Data to use below:

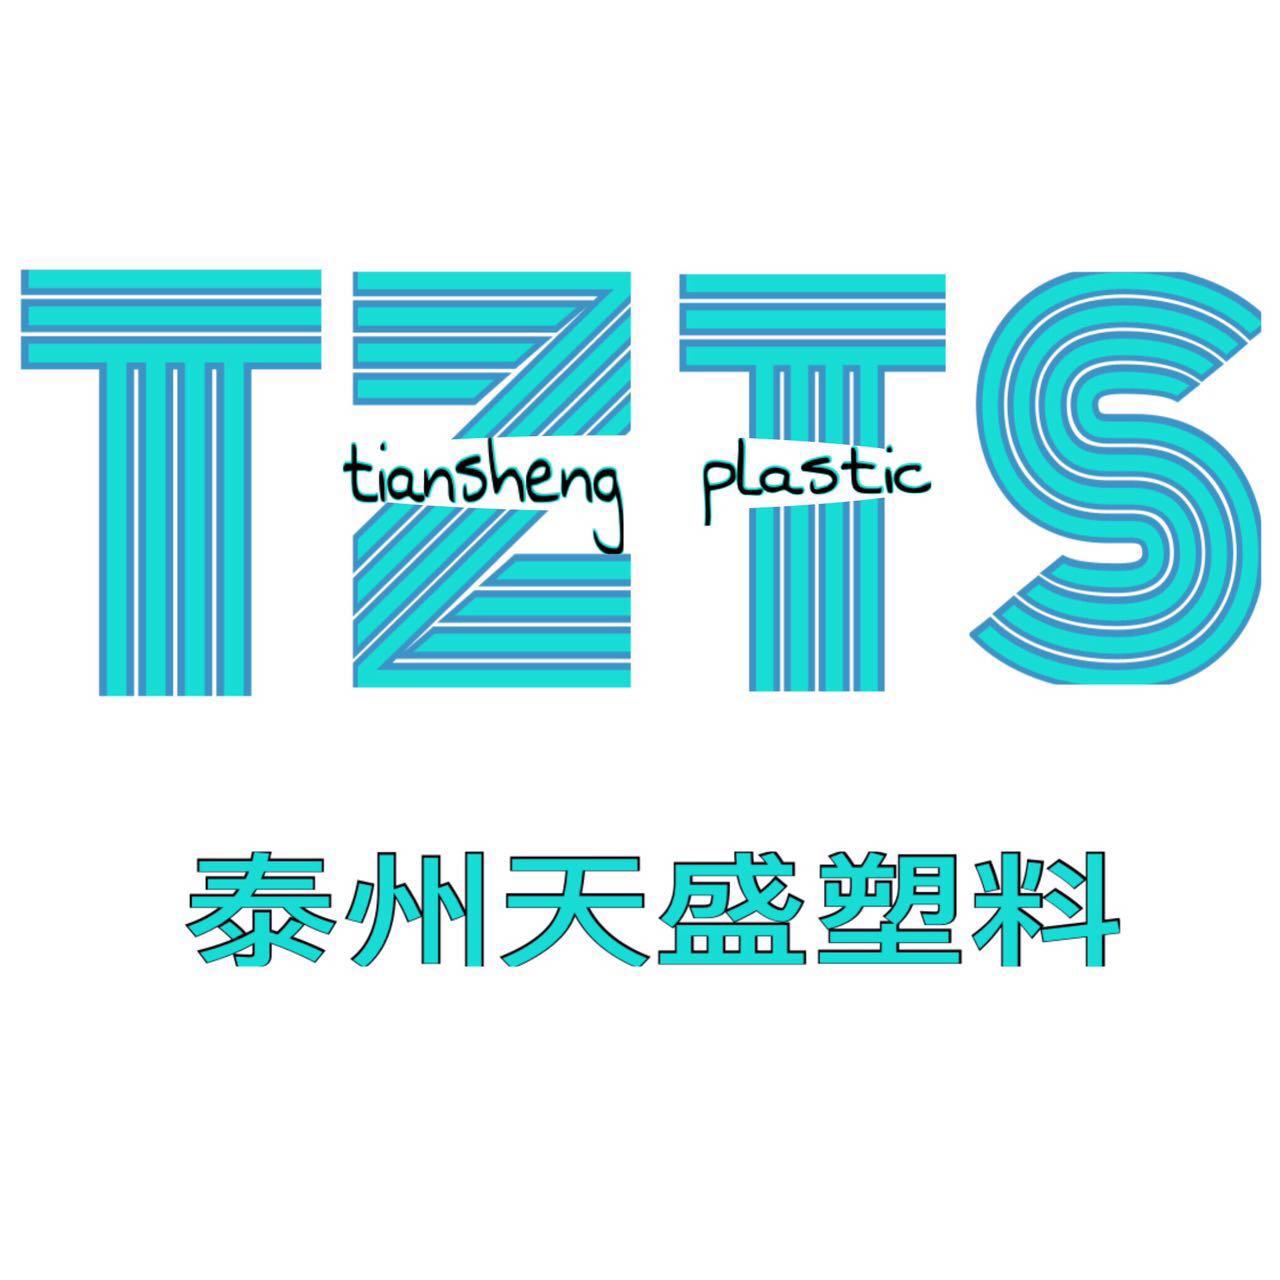 泰州天盛塑料科技有限公司图片
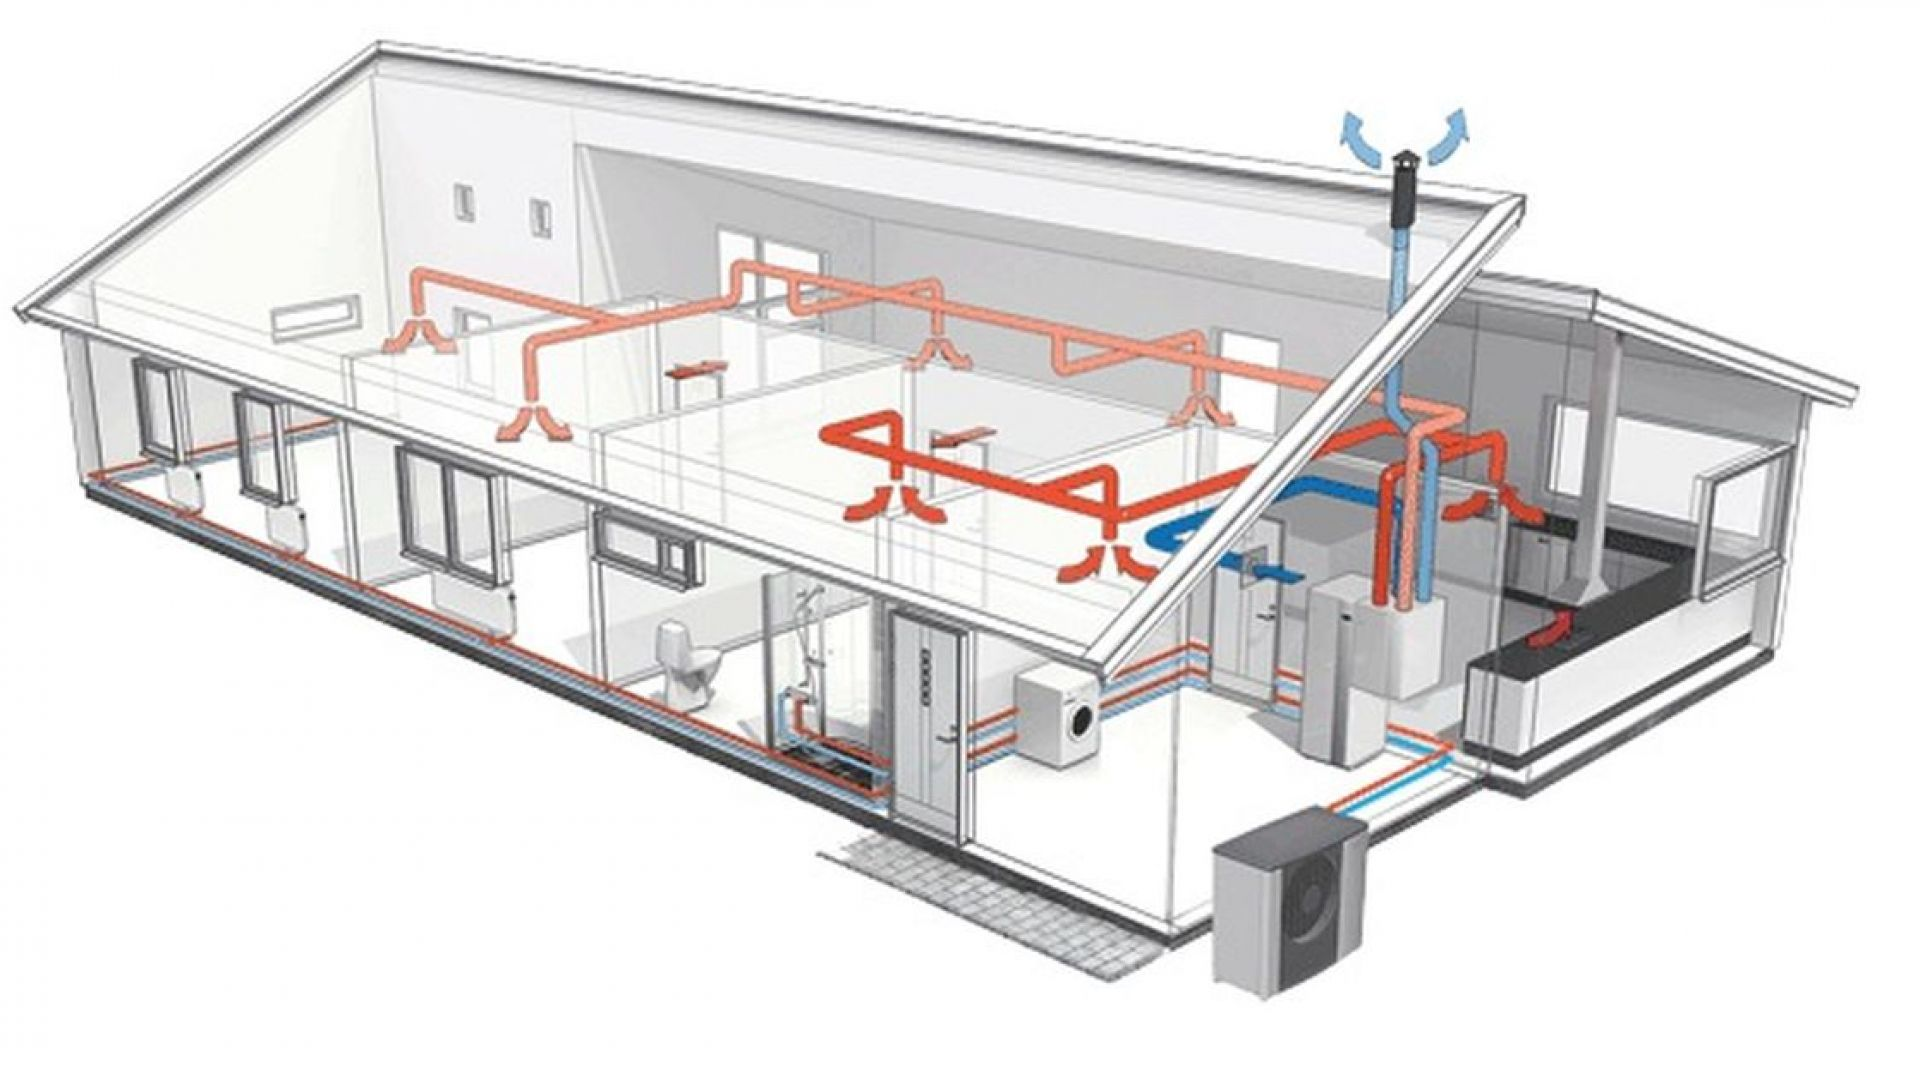 Schemat działania rekuperatora NIBE ERS z powietrznymi pompami ciepła NIBE.
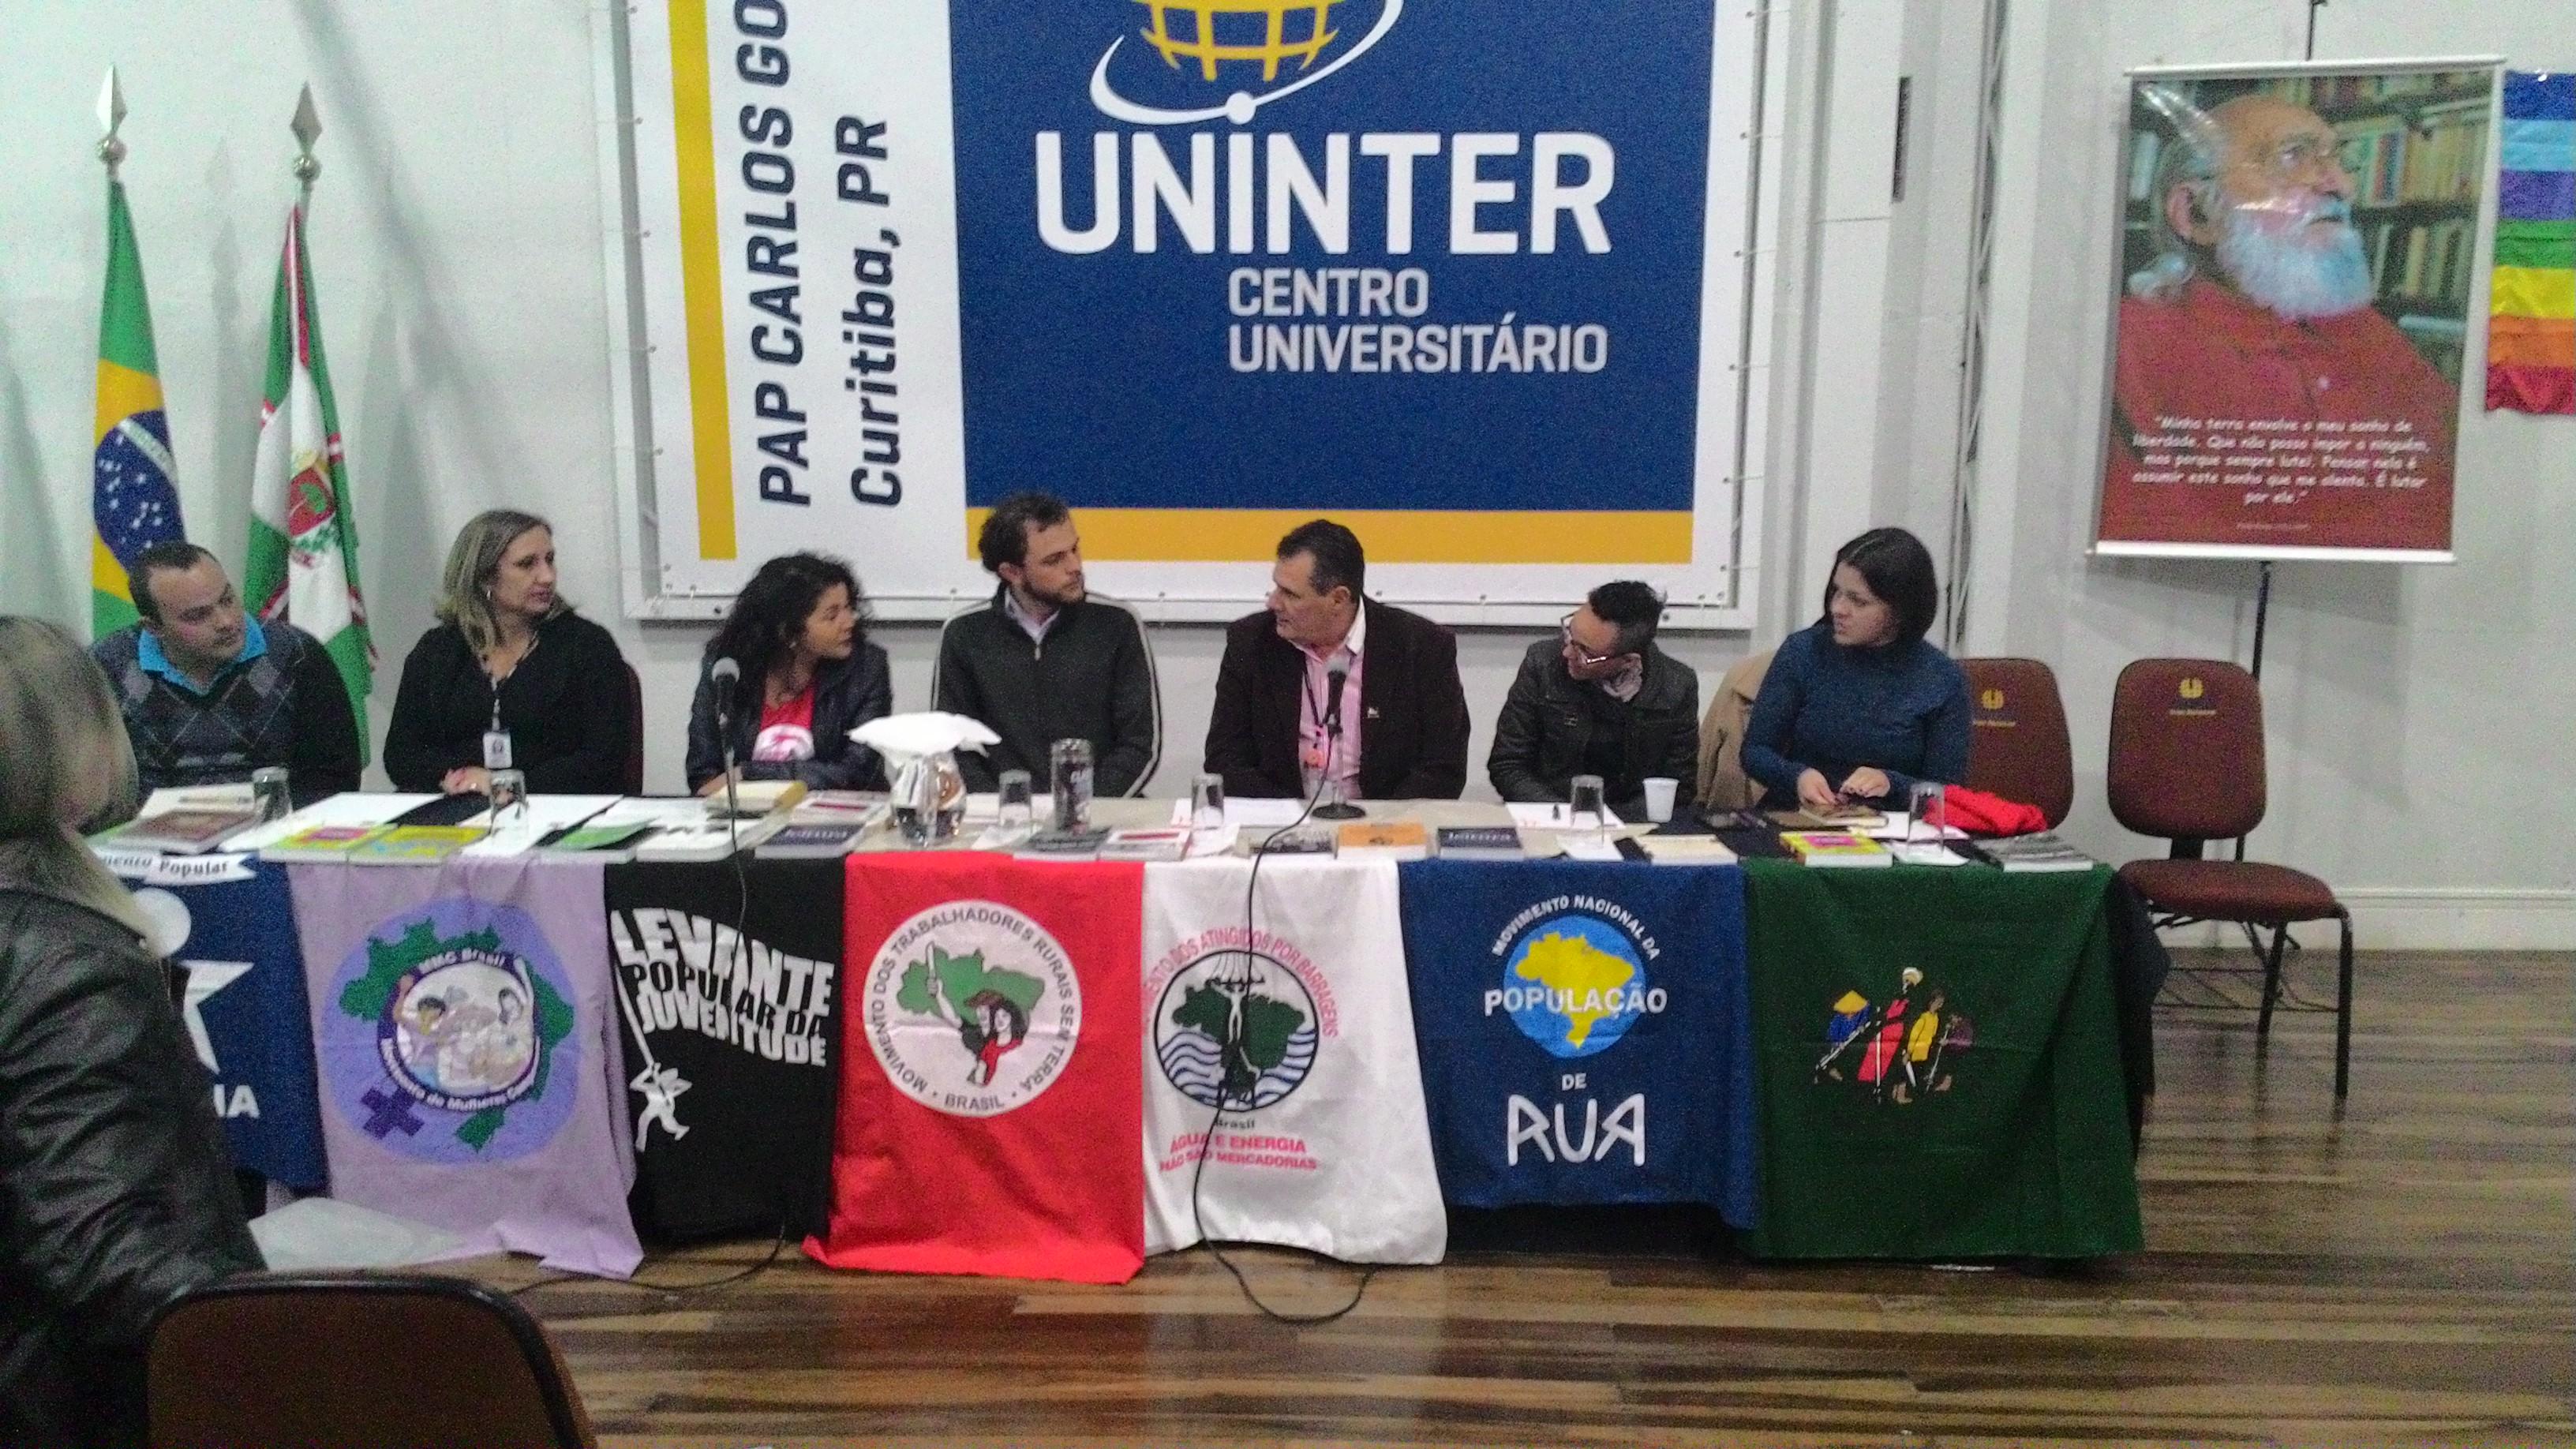 Mesa de Discussão com os líderes dos movimentos
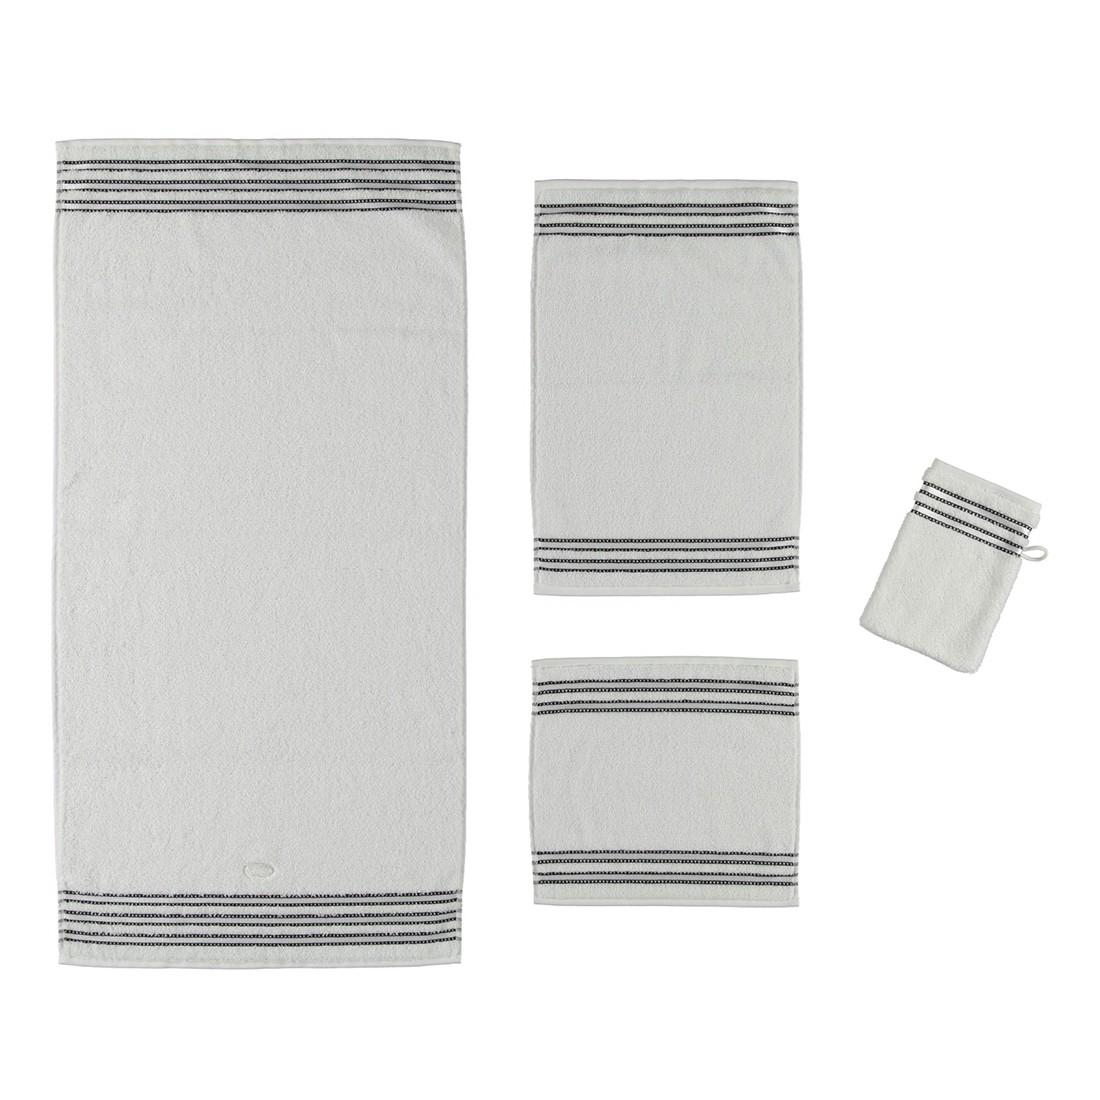 Handtuch Cult de Luxe – 100% Baumwolle Weiß – 030 – Duschtuch: 67×140 cm, Vossen günstig
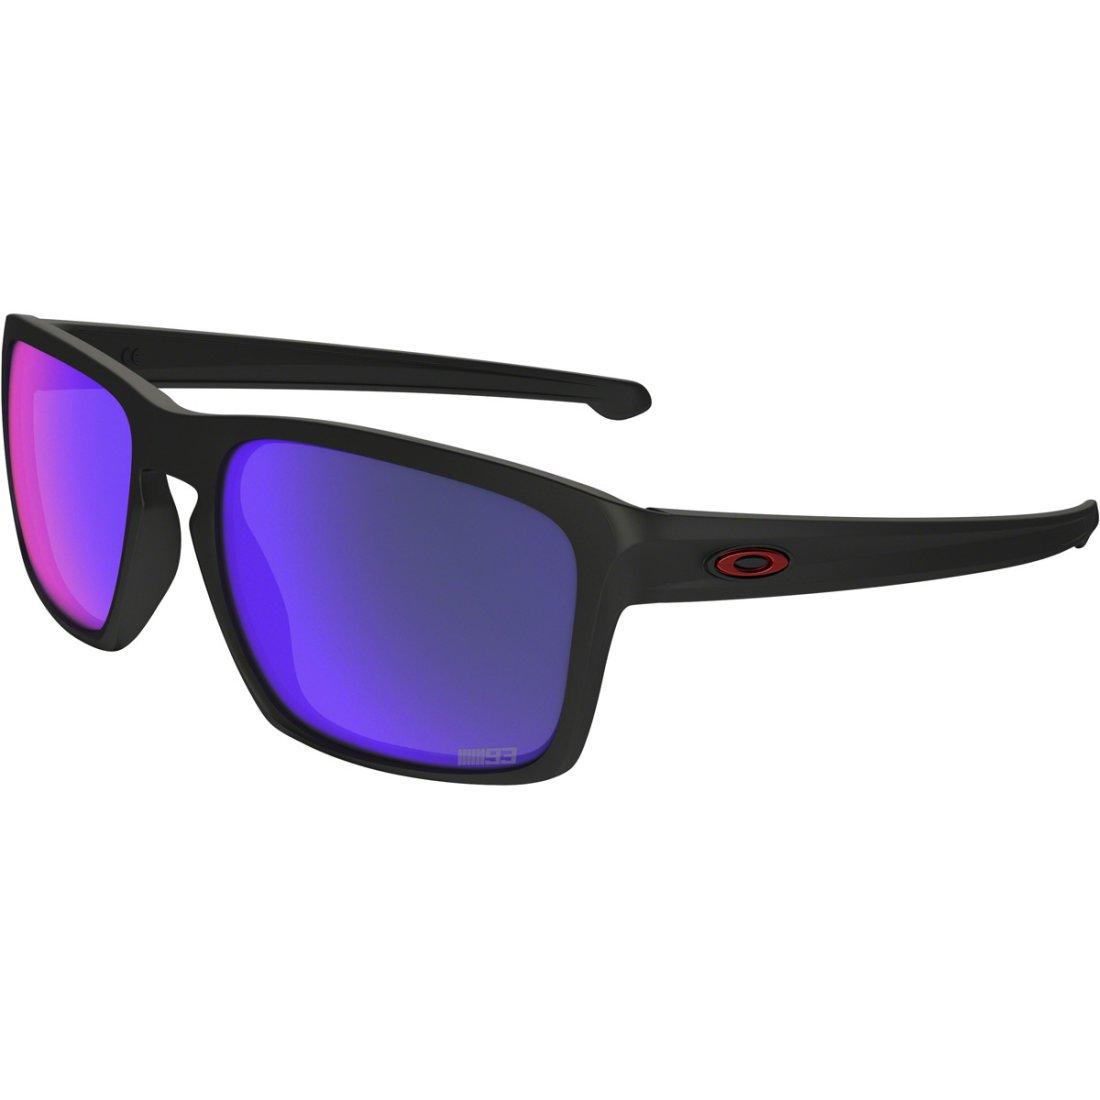 Oakley Sliver Matte Black Violet Iridium Polarized 2017 Taille Unique Noir/violet cKBWr2b

End of Data to use.

What to do: Go back to the line containing "Handtuch Cult de" and output it and every line after it through the end of the records, exactly, but not the pictures.

Answer space:
 Handtuch Cult de Luxe – 100% Baumwolle Weiß – 030 – Duschtuch: 67×140 cm, Vossen günstig
 Oakley Sliver Matte Black Violet Iridium Polarized 2017 Taille Unique Noir/violet cKBWr2b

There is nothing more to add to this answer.